In the next experiment, we investigate the convergence of our approach in terms of the number of grid points N at time t = 1. To ensure that our scheme is not dominated by the time discretization, we choose δt = 10⁻⁵. We take the parameters such as k₁ = 0.4, k₂ = 0.1, ϕ₁ = 30, ϕ₂ = 0, δt = 10⁻⁵, θ = 1/2, and x ∈ [−100,100].

Figure 2 shows that the error norms L_∞ and L₂ converge exponentially for the propagation of one soliton solutions and for the interaction of two soliton solutions as we increase the number of grid points N.

4.2. Interaction of Two Solitons

Our second experiment pertains to the interaction of two soliton solutions of the BO equation having different amplitudes and travelling in the same direction. The initial and boundary conditions are extracted from (47) and (22).

To allow the interaction to occur, the experiment was run from t = 0 to 210 in the region [−100,100]. Figure 3 shows the interaction of two soliton solutions of BO equation for k₁ = 0.4, k₂ = 0.1, ϕ₁ = 30, ϕ₂ = 0, N = 200, δt = 0.001, θ = 1/2, and x ∈ [−100,100]. It can be seen that the faster pulse interacts with and emerges ahead of the lower pulse with the shape and velocity of each soliton retained. Because of the nature of the Sinc discretization, the Hilbert transform and matrix differentiation are explicitly obtained with exponential accuracy. The result in Figure 3 shows numerical interaction of the two soliton solution and its time evolution of the L₂ error from t = 0 to t = 210. In Figure 3(b), it is shown that the Sinc discretization maintains accurate results comparable to those given in [7, 10] for a long period. Therefore, a number of properties of the Benjamin-Ono equation can be checked numerically, including the exhibition of no phase shifts after interaction of the solitons.

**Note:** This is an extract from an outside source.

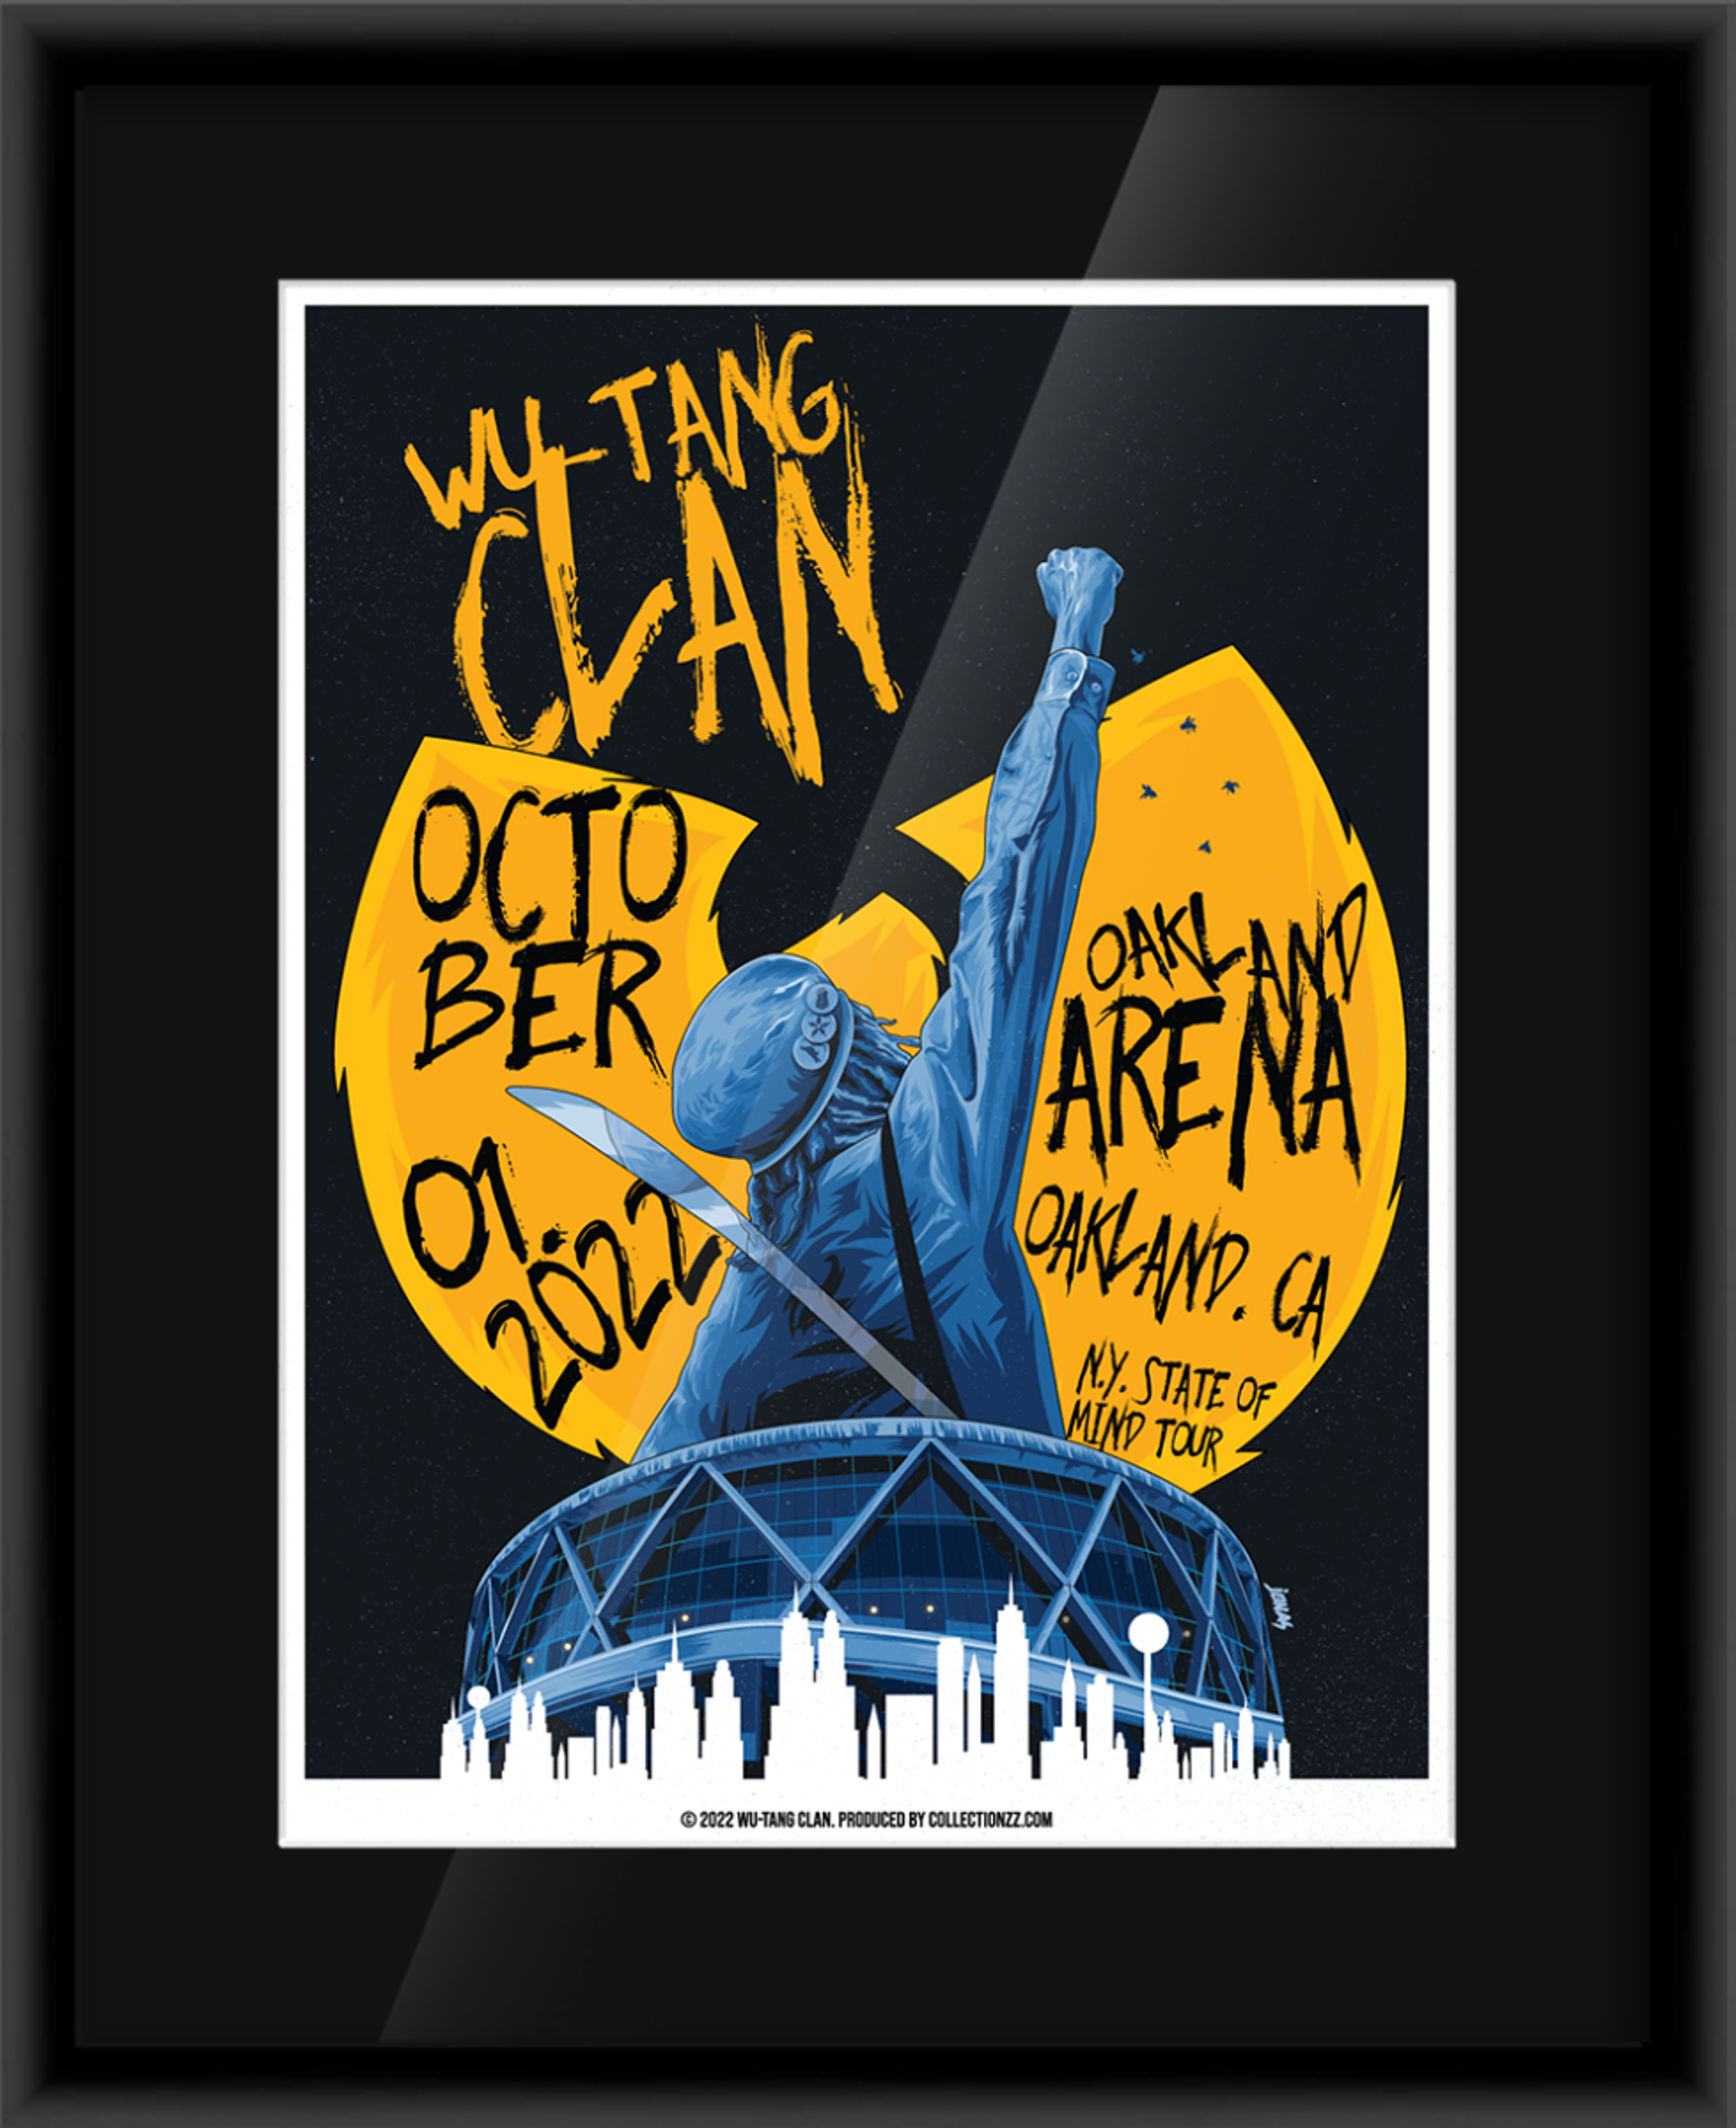 Alternate View 1 of Wu-Tang Clan Oakland October 1, 2022 Print

Numerical check on the conservation mass, momentum, and energy shows that the three quantities remain constant with respect to time as shown in Table 2. Propagation of the single solitary wave and two soliton integrations are simulated well with the proposed algorithms and conservation invariants do not change much during the computer run. Thus Sinc functions can be used to construct approximate numerical methods of the BO equation.

Table 2. Invariants and errors for interaction of two solitons of the BO equation. k₁ = 0.4, k₂ = 0.1, ϕ₁ = 30, ϕ₂ = 0, N = 200, δt = 0.001, θ = 1/2, and x ∈ [−100,100].

Time	L∞	L2	I1	I2	I3	CPU(s)
0	0	0	24.0123	12.5716	16.7526	0.000
1	1.0200E − 4	1.4299E − 4	24.0124	12.5716	16.7526	0.278
30	2.7172E − 4	8.2385E − 4	24.0124	12.5716	16.7526	1.833
60	4.0996E − 4	1.4813E − 3	24.0124	12.5716	16.7526	3.854
90	5.6586E − 4	2.1770E − 3	24.0124	12.5716	16.7526	7.016
120	6.8573E − 4	2.9978E − 3	24.0124	12.5716	16.7526	8.961
150	8.5960E − 4	4.2343E − 3	24.0124	12.5716	16.7526	11.351
180	2.1269E − 3	6.6914E − 3	24.0124	12.5716	16.7526	14.142
210	3.1148E − 3	9.6304E − 3	24.0124	12.5716	16.7526	16.748

5. Conclusion

A numerical technique based on the Sinc collocation method has been presented for numerical solutions of the BO equation. The efficiency of the method is tested on the problems of propagation of a single soliton as well as interaction of two solitons. The accuracy of solutions is examined in terms of the L_∞, L₂ error norms, and the conservation quantities I₁, I₂, and I₃. Stability analysis is performed by the matrix method. The results obtained for the Sinc collocation are very close to analytical ones. Our algorithm was found to be unconditionally stable and exponentially convergent in space and a reliable numerical method for solving the BO equation. The method is easy to implement and compares favourably to Fourier-based spectral methods without any assumptions on periodicity.

Conflict of Interests

The authors declare that there is no conflict of interests regarding the publication of this paper.